A Quiet Life

Laura soon found herself moving away from them and around the edges of the room. It wasn’t much of a party, really; it was just a crowd of people and a lot of cheap, warm wine in a room at the top of Alistair’s publishers’ office. The book they were celebrating was a short biography of a nineteenth-century writer, which Alistair had attacked in a style, Laura understood from Edward, that some critics found shocking and others found refreshing. There were shabby elderly writers and shabby younger writers at the party, and also a number of the confident, loud people – not necessarily more elegant, but if they were shabby it felt like an affectation rather than a necessity – of the sort she remembered from Sybil’s dance. Among them Laura saw nobody she knew until, to her relief, she found Winifred sitting in a window seat next to a man who was rolling a cigarette, and went and sat on her other side.

Winifred made room for Laura with alacrity, and started asking her whom she had been speaking to. ‘Was Alistair a bit offish with you? I think these men are always funny with each other’s girlfriends – it’s all a bit Darcy and Bingley.’ Laura did not really know what she was talking about, but they both looked across the room to where Alistair and Edward and Nick were standing close to one another. ‘Although do you think they really love each other as much as they say they do? The things they sometimes say about each other … about Giles, of course, there is no question. I can’t believe how much Alistair misses him.’

Thinking back, Laura realised that Edward, too, had spoken more about Giles to her than about any of his other friends. ‘Yes, Alistair loves him so much,’ Winifred went on, ‘sometimes I think he is only with me because I remind him of Giles.’

‘This is interesting,’ said the man on the other side of Winifred, his heavy accent – was it German? – making his words sound particularly emphatic. ‘This transference from brother to sister, I have a case just like this right now. With my patient, I think it may have something to do with the pattern of intimacy laid down early at these boarding schools. These English boys are never allowed the natural Oedipal development, being thrown out of the family so young.’

‘I love the way you always have an explanation for everything,’ Winifred said to him, and Laura noted her amiable, almost flirtatious tone. It made her feel rather on the outside of this conversation too, and as she looked back into the party she saw Quentin and his girlfriend Nina entering and steering towards Edward, Alistair and Nick. As they did so, Edward looked across the room, and Laura saw, or thought she saw, a summons in his gaze. She stood up.

As she came back to that group of men who were at the centre of the crowd, Laura felt shy. Who was she to think that she could break into this conversation, in which Nick now had his arm draped across Alistair’s shoulders, and Quentin was lighting Edward’s cigarette? All the energy of the men seemed directed towards one another.

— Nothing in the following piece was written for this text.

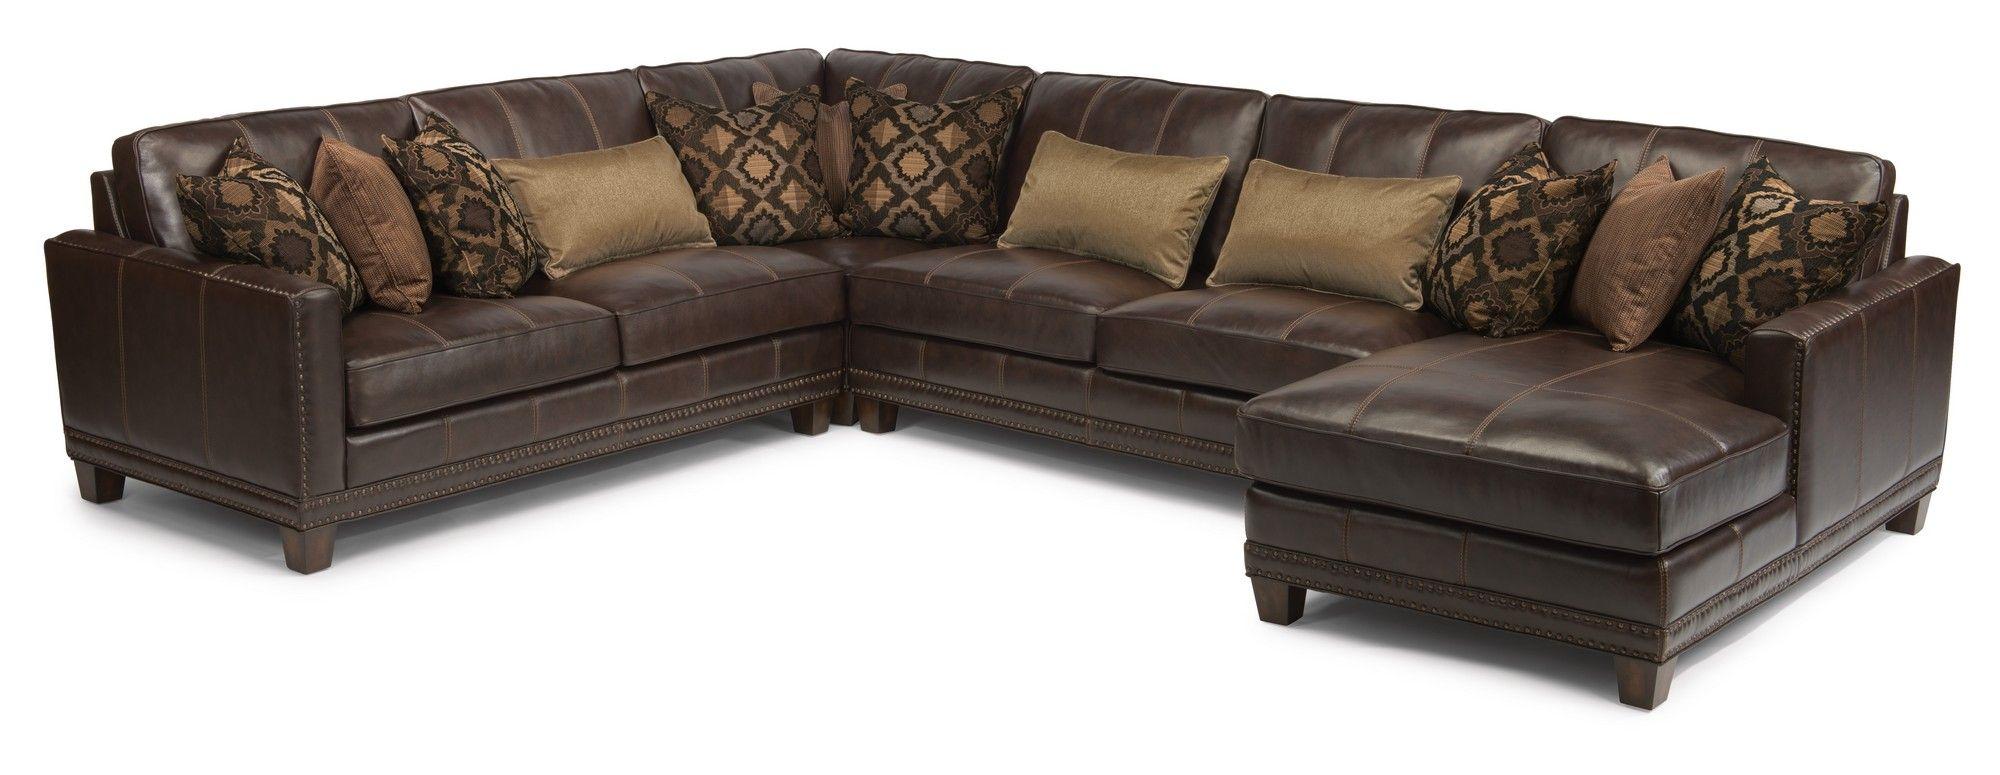 FlexsteelLeather Sectional Flexsteel furniture, Living

Edward made room for her in the space, stepping to one side so that she could join the ring, although nobody spoke to her. She tried to join in the conversations, greeting Quentin and Nina, asking Quentin how things were going in the forces, and complimenting him on his newly slender physique. She was struck by the joking tone with which Quentin replied, telling some absurd story about his deluded major whose false memories of the Great War were a source of great mirth in the regiment. But before he had finished his story, Nina broke in, asking where on earth the drinks were. Alistair called to a young man in a loud voice, and soon wine was being sloshed into glasses, and Quentin was free to resume. The burble of men’s voices continued and Laura was content to sip her drink. But Nina remained sullen, watching Quentin with her cold blue stare.

‘Come on,’ she said suddenly in an aside to him that everyone could hear, ‘the others are at the Café Royal.’

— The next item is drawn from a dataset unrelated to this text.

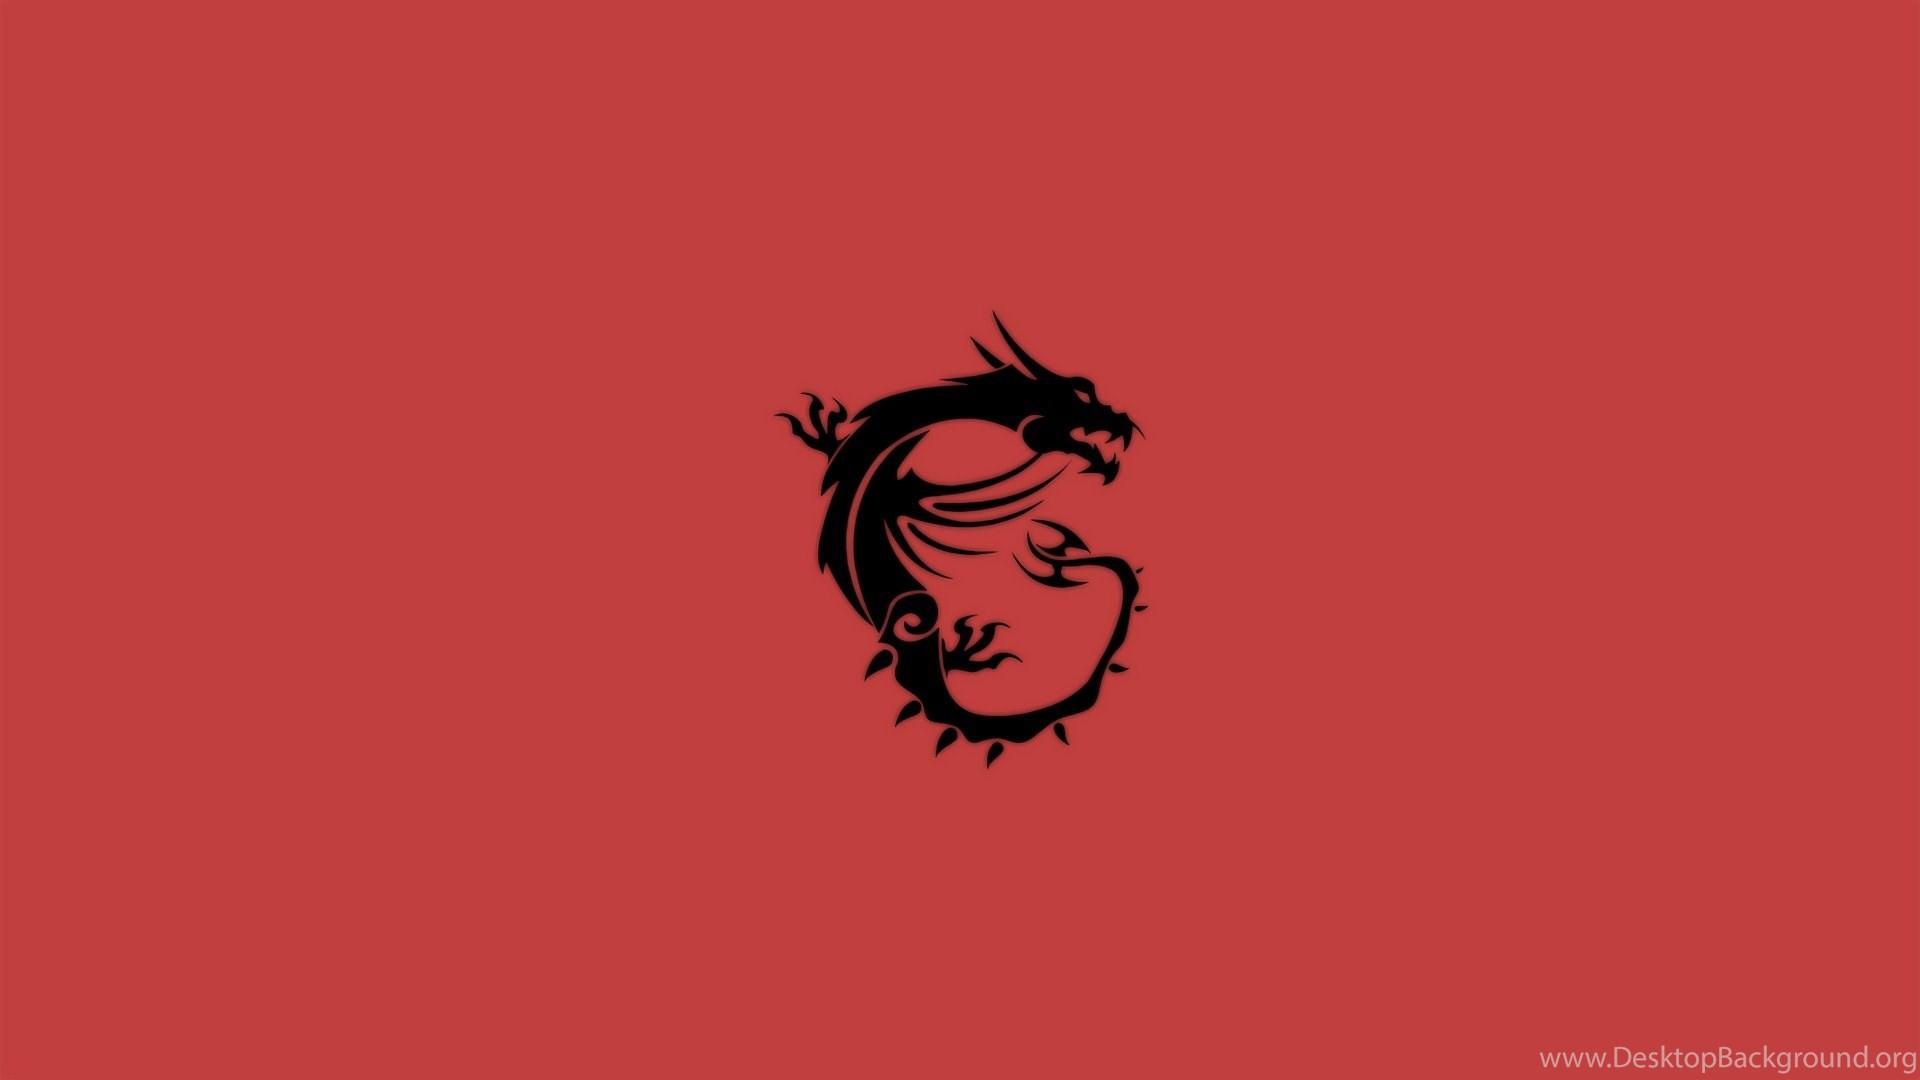 Msi dragon logo wallpapers red 1920x1080 4255 desktop background - Msi logo wallpaper ...

Quentin seemed embarrassed as he turned to her, and she laid a hand on his arm. Laura expected them to leave, but instead he went with her to the side of the room, where they seemed to be having an argument. Laura caught a little of it, when Quentin’s placatory tone seemed to break and he said loudly that he only had two days in London. Nina left alone, and Quentin rejoined the group.

‘Here you are, my duck,’ Nick was saying, putting his arm around Quentin. ‘I must tell you I heard something about that major of yours – but this definitely is not for the ladies …’ He looked at Laura and Winifred, who had now joined them, and Laura stepped backwards, feeling dismissed, but Winifred looked at him and lifted her chin.